Sniper's Ridge is a 1961 Korean War drama film directed by John A. Bushelman and starring Jack Ging and Stanley Clements.

Plot
In the days before the cease-fire, a hard-luck platoon run by Lt. Peer and the cowardly Sgt. Sweatish is under continual attack and suffers heavy casualties. The only good soldier in the platoon is Cpl.

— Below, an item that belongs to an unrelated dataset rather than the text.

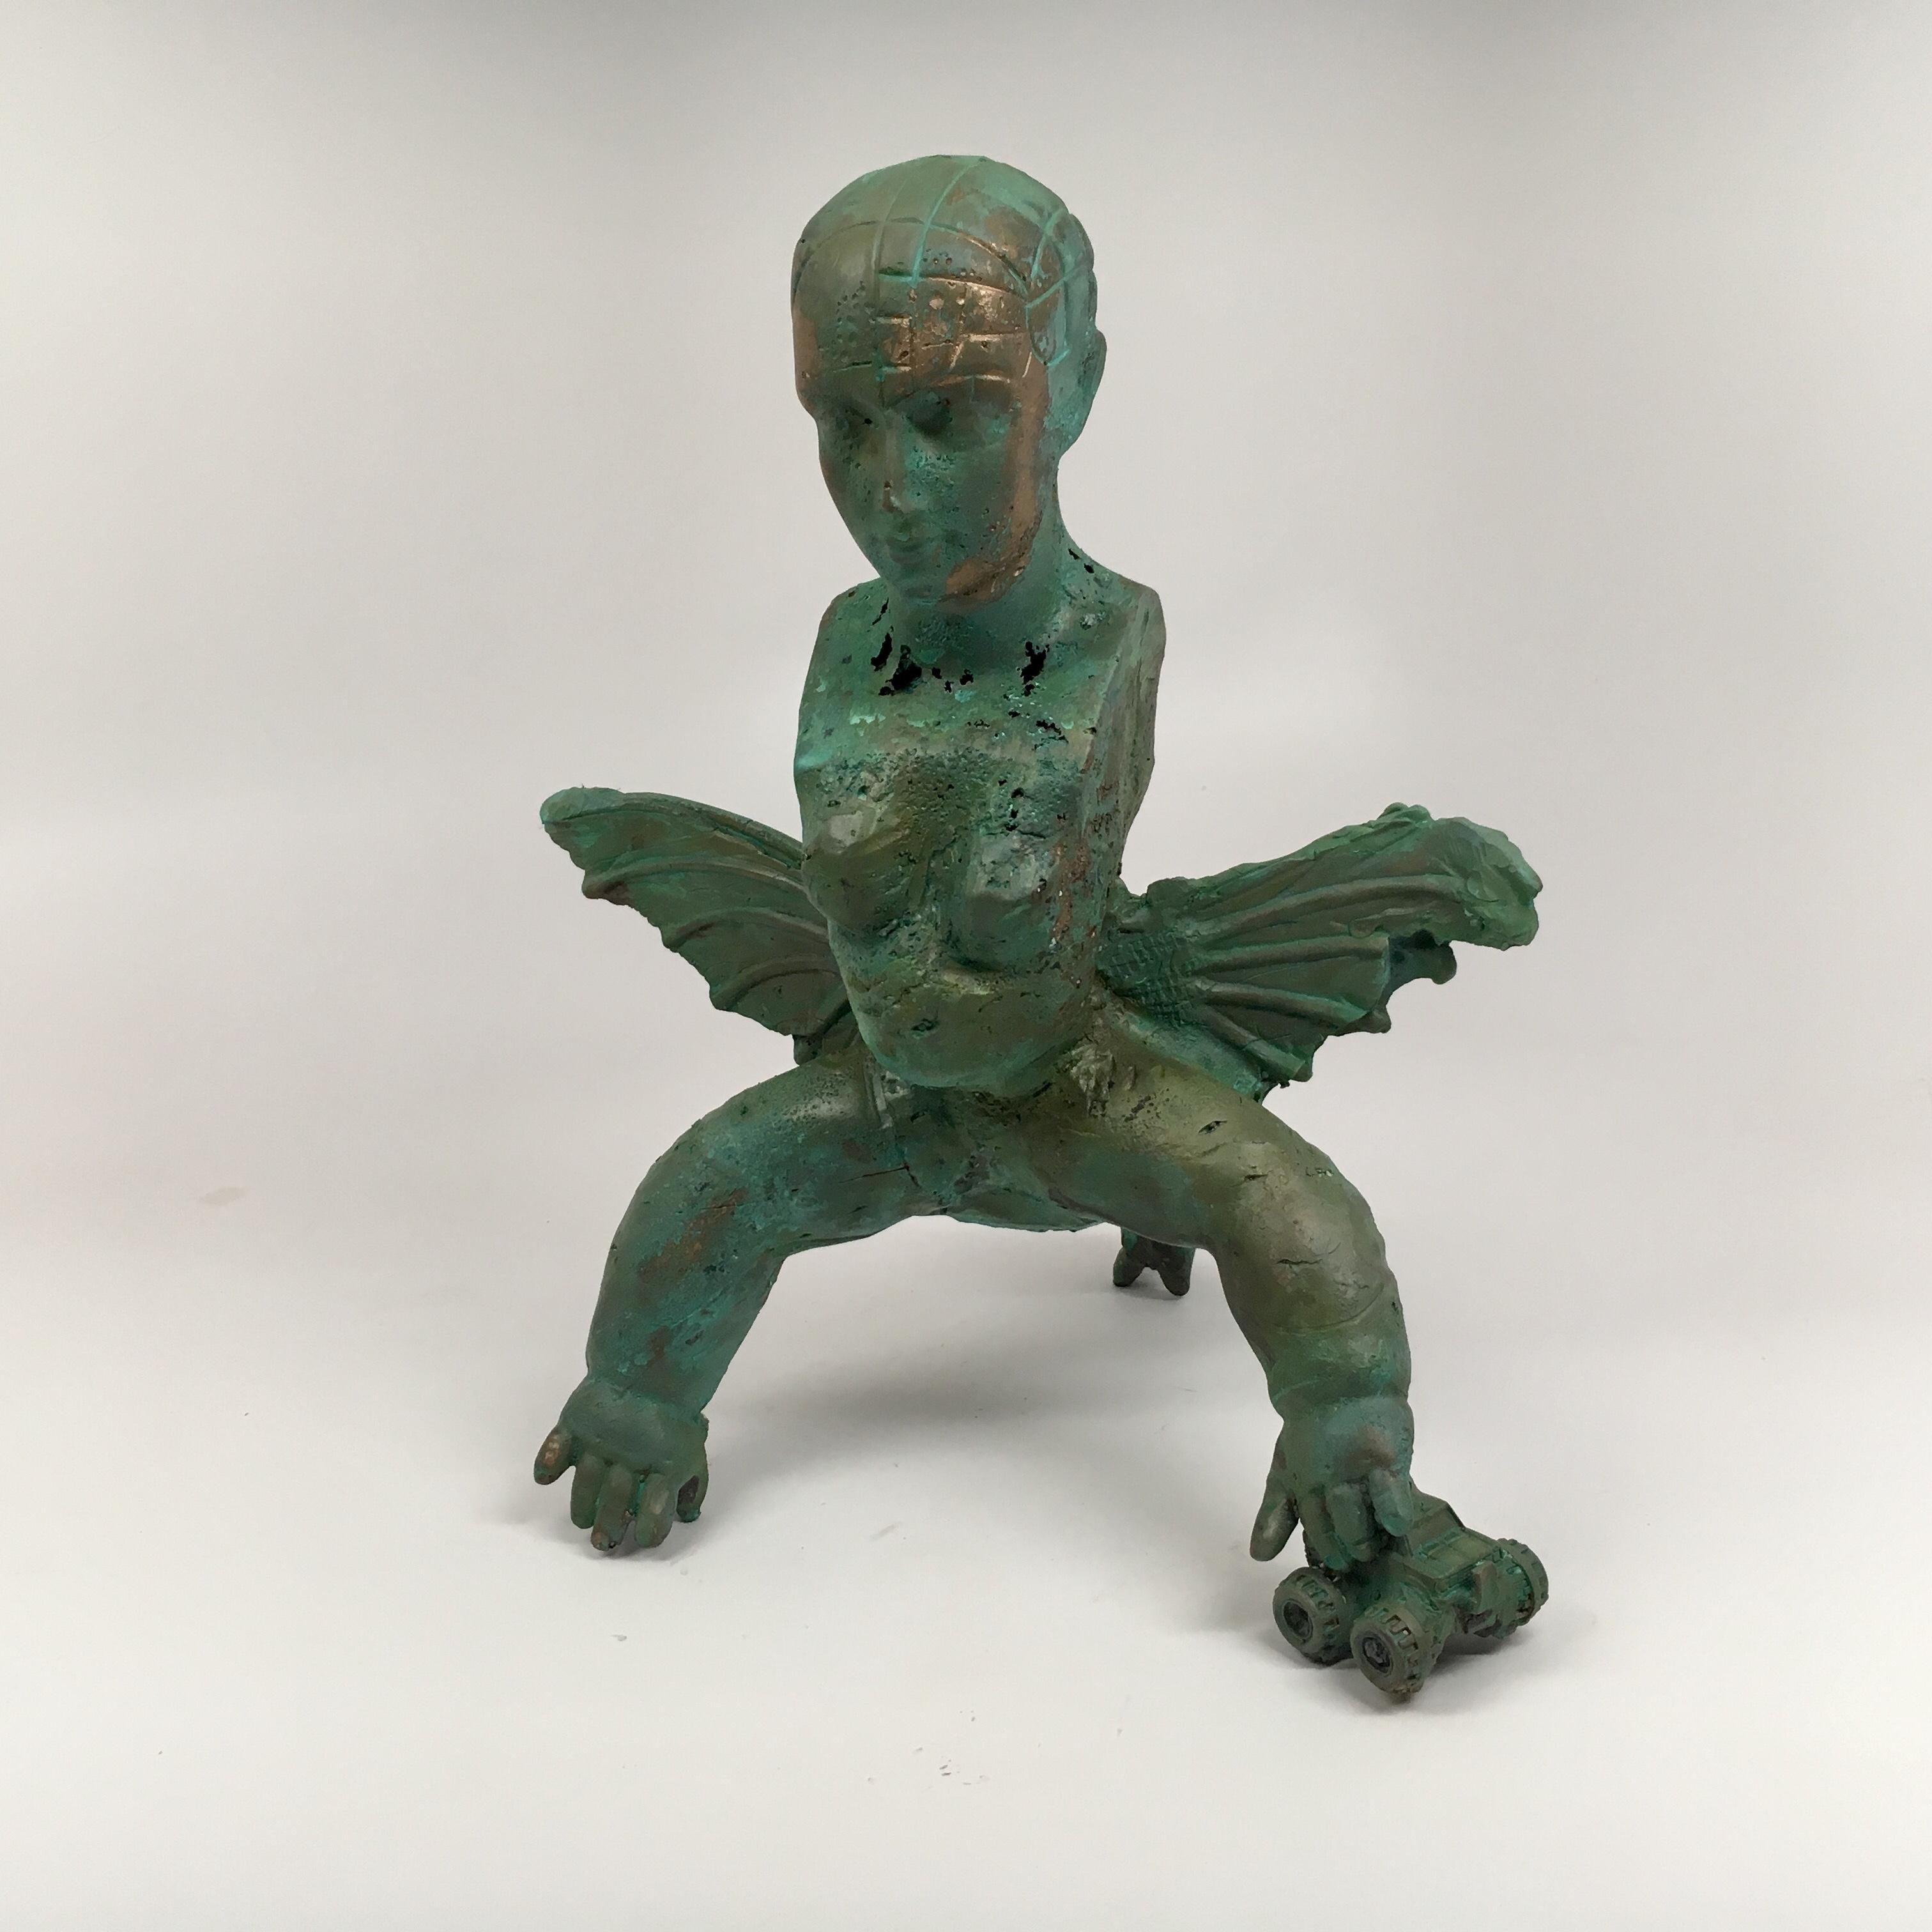 Modern Bronze Relic Sculpture of figure with 3 legs: 'Rhoman Fertility Goddess'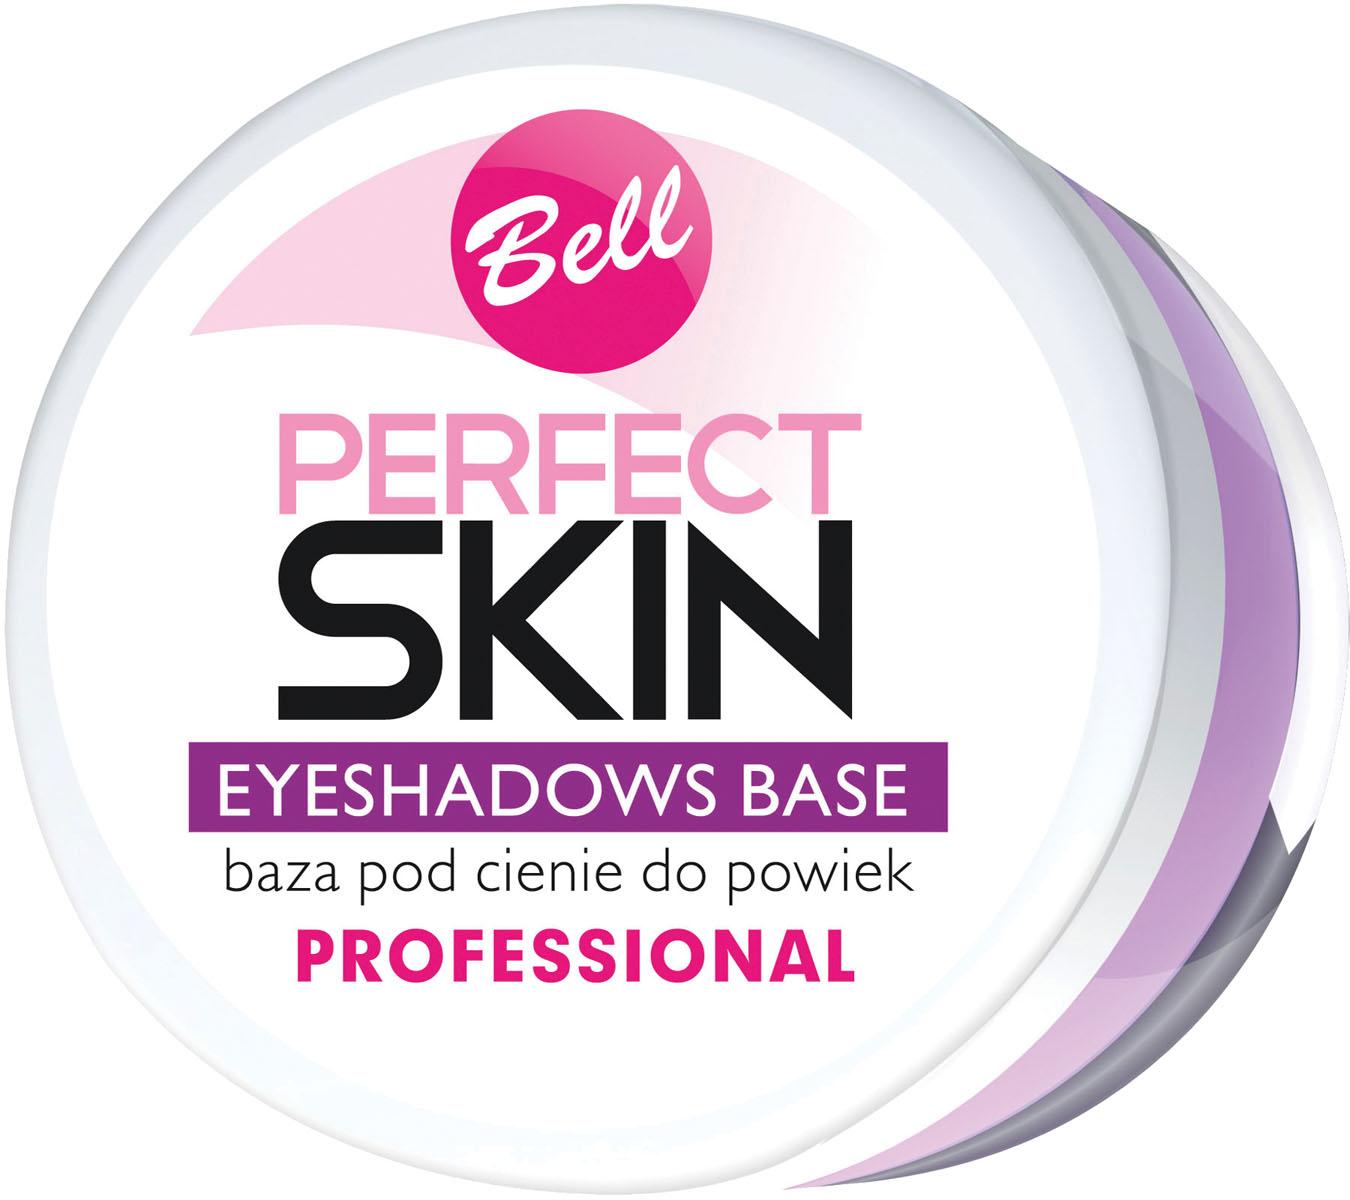 Bell База под тени для век Perfect Skin Eyeshadow Base Тон 20, 4 гр28032022Основа наносится на веки перед нанесением теней, делает цвет более насыщенным и продлевает стойкость макияжа. Предотвращает осыпание теней и их скопление в складках век. Содержит UVB фильтр.Для обеспечения стойкого макияжа глаз.Особенности состава: Продлевает стойкость макияжаСпособ применения: Нанесите небольшое количество основы, нежно распределите по всему веку, начиная от линии ресниц. Дождаться высыхания основы, а затем сделать макияж.

Sharack, who should have been rotated off the line long ago but was kept on the front by Capt. Tombolo. The return of Cpl. Pumphrey reveals a deeper motive for the Captain's behavior – Tombolo did not try to rescue his children from a burning house and now tries to re-earn his self-respect with the lives of his men, especially Sharack whose heroism he is jealous of.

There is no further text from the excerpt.